▸ **AIM OF THE TASK**: Retype only the lines below from the one with "New Emma Watson" to the one with "Dance of dancing", inclusive, skipping every image.

▸ **SOURCE INFORMATION**:
______________________________
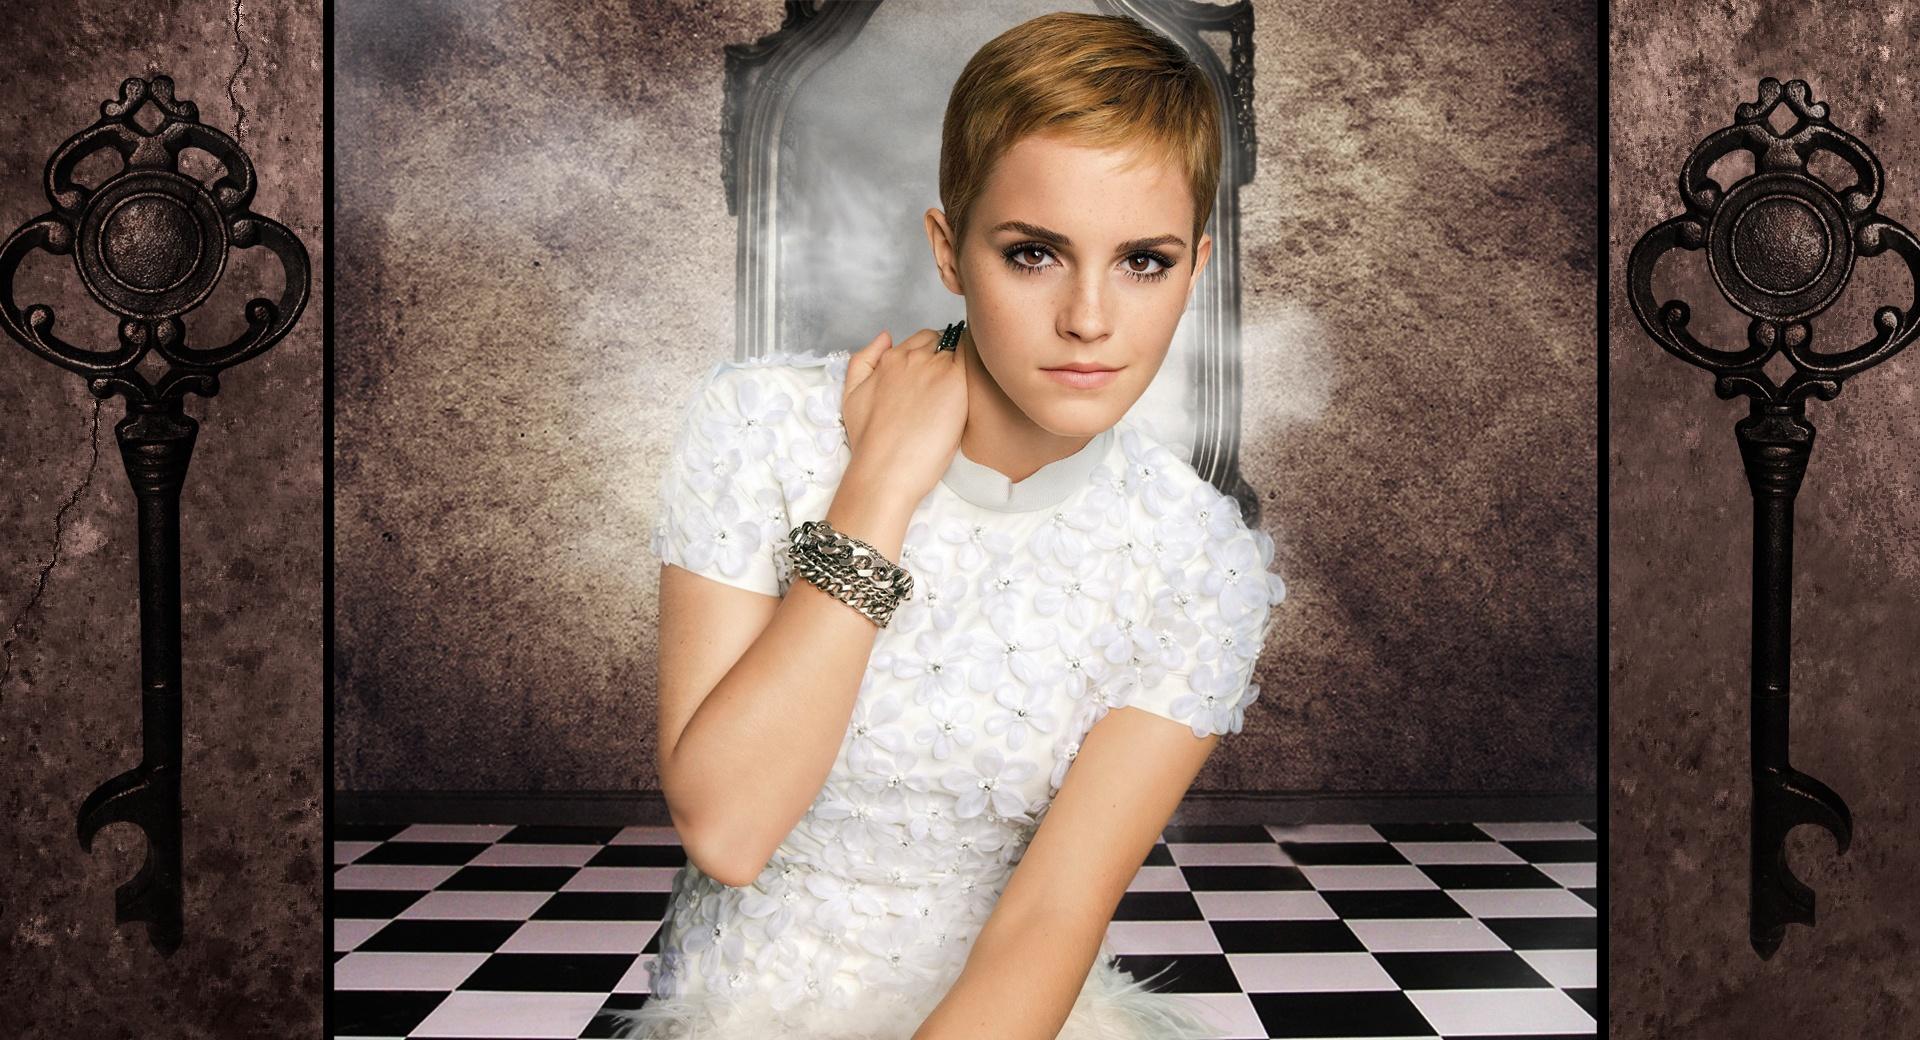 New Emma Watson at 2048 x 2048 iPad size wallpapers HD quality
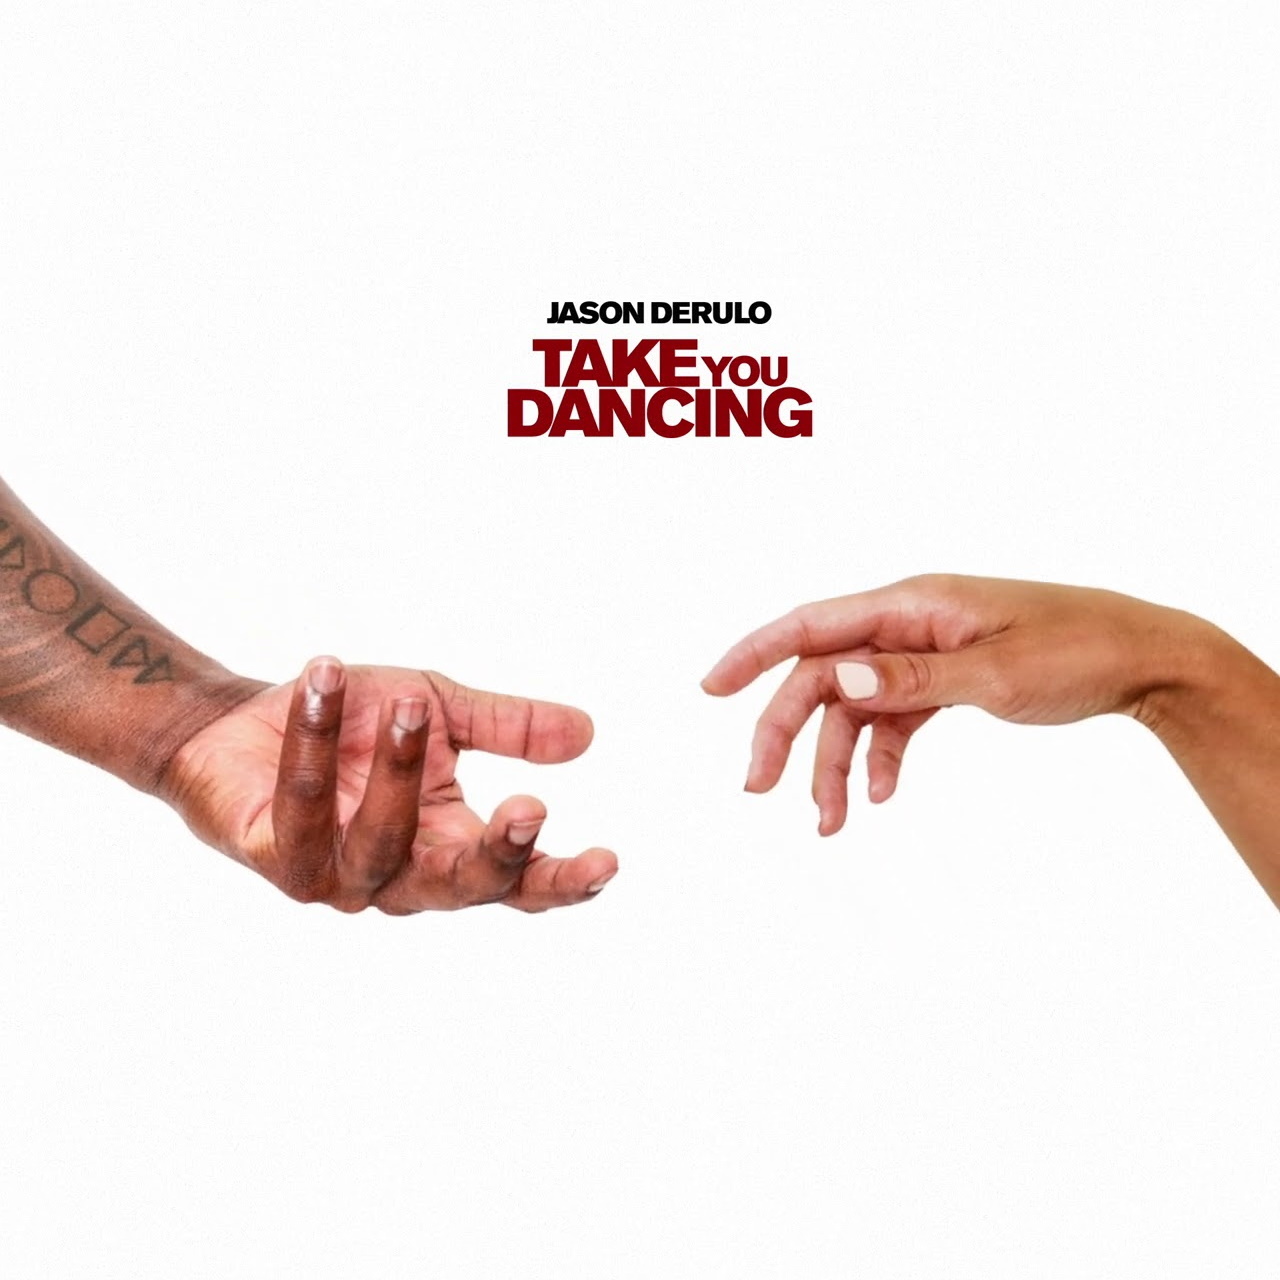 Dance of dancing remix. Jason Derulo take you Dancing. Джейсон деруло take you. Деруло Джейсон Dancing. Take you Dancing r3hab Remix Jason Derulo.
______________________________
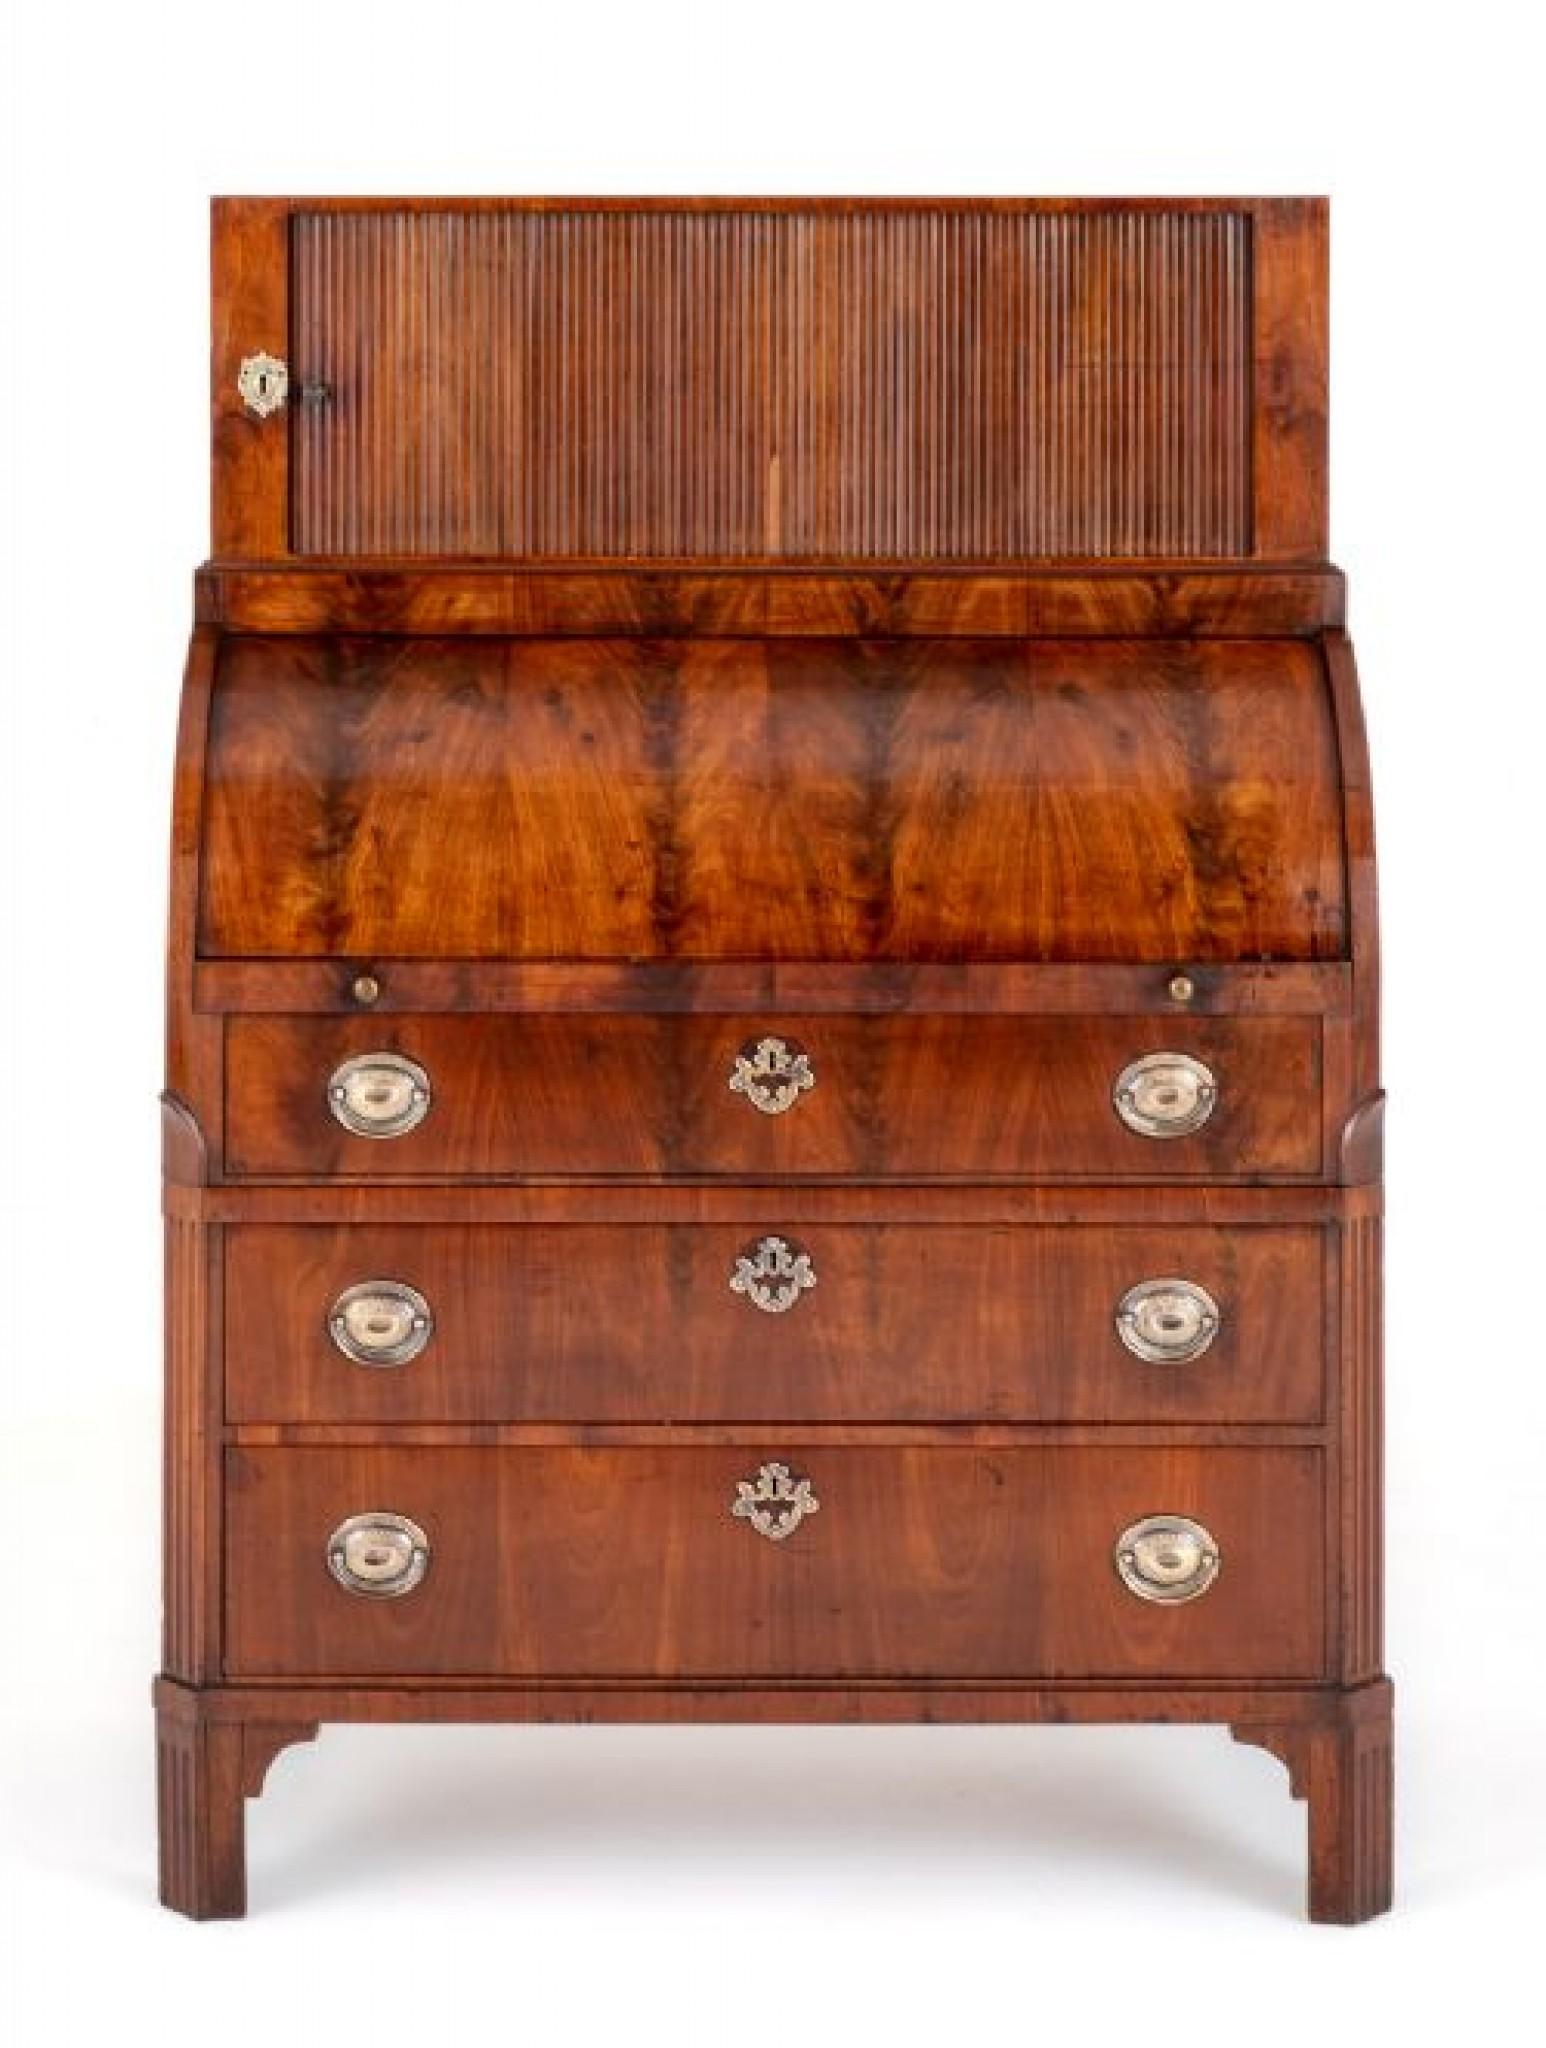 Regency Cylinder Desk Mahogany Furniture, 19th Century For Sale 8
______________________________
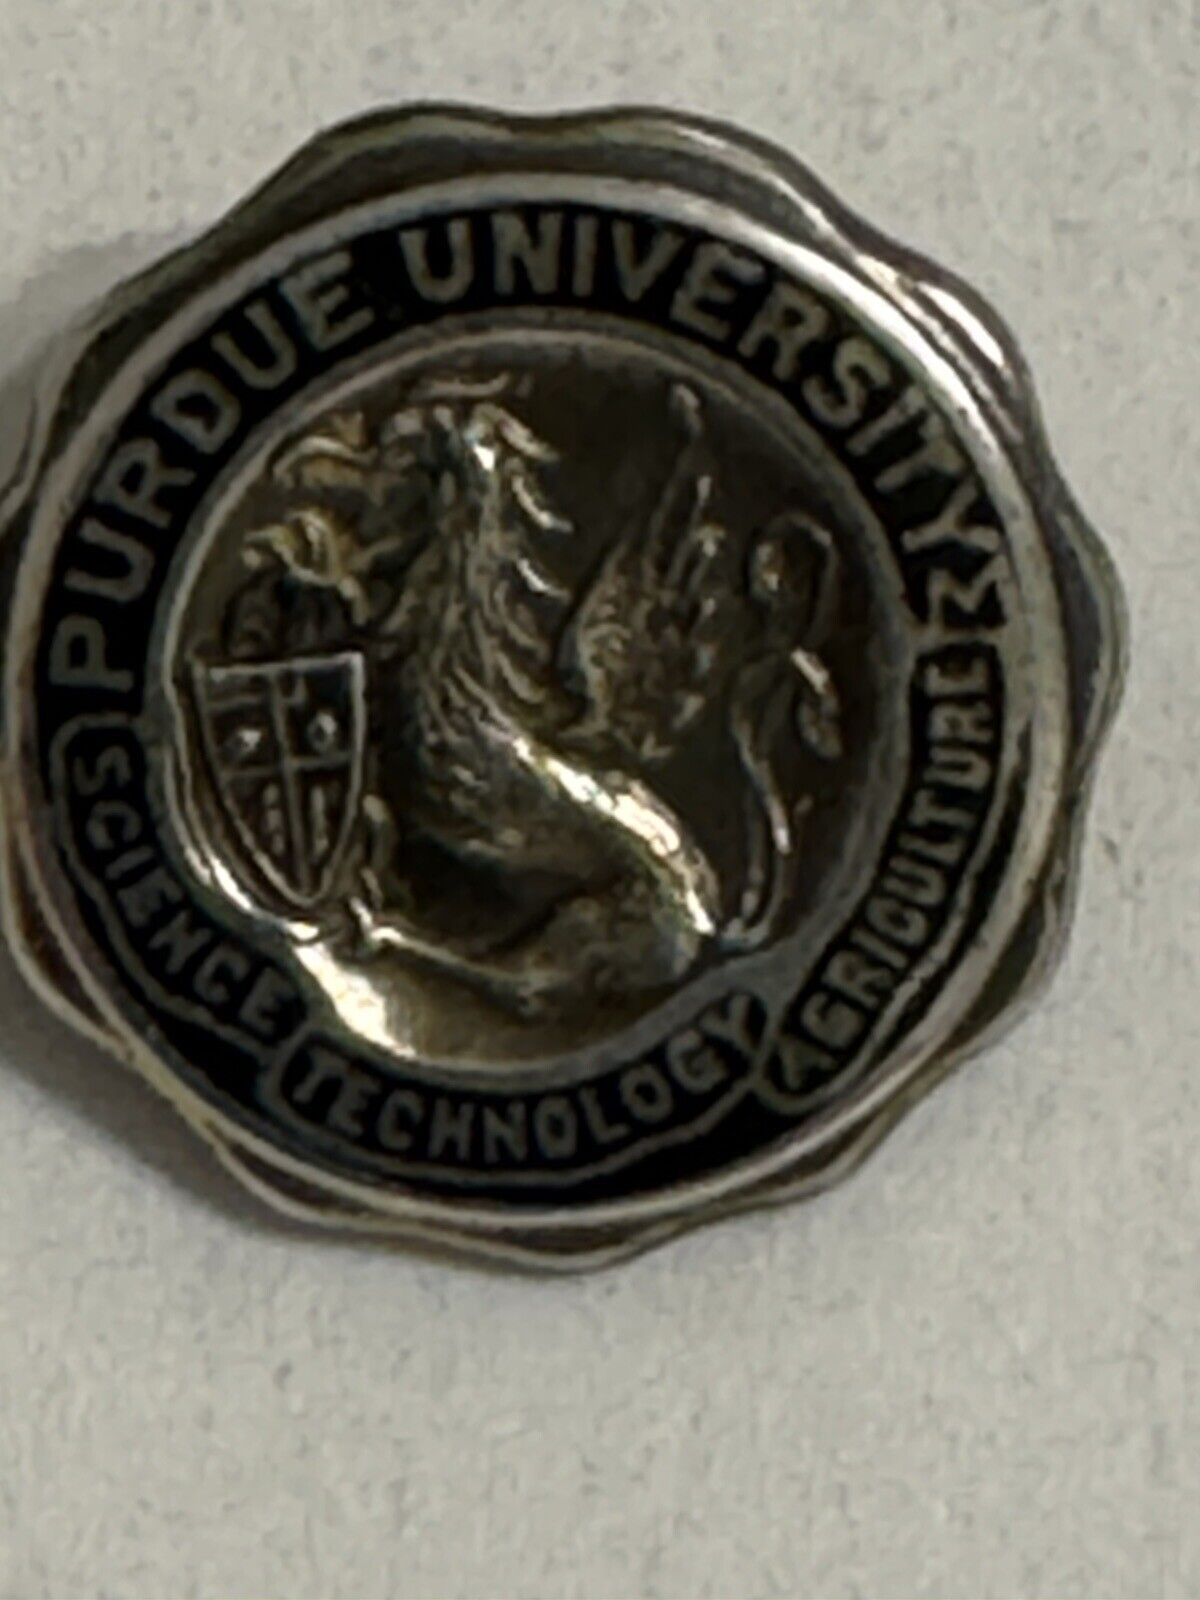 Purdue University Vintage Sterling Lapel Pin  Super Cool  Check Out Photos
______________________________
▸ **EXERCISE SOLUTION**:
 New Emma Watson at 2048 x 2048 iPad size wallpapers HD quality
 Dance of dancing remix. Jason Derulo take you Dancing. Джейсон деруло take you. Деруло Джейсон Dancing. Take you Dancing r3hab Remix Jason Derulo.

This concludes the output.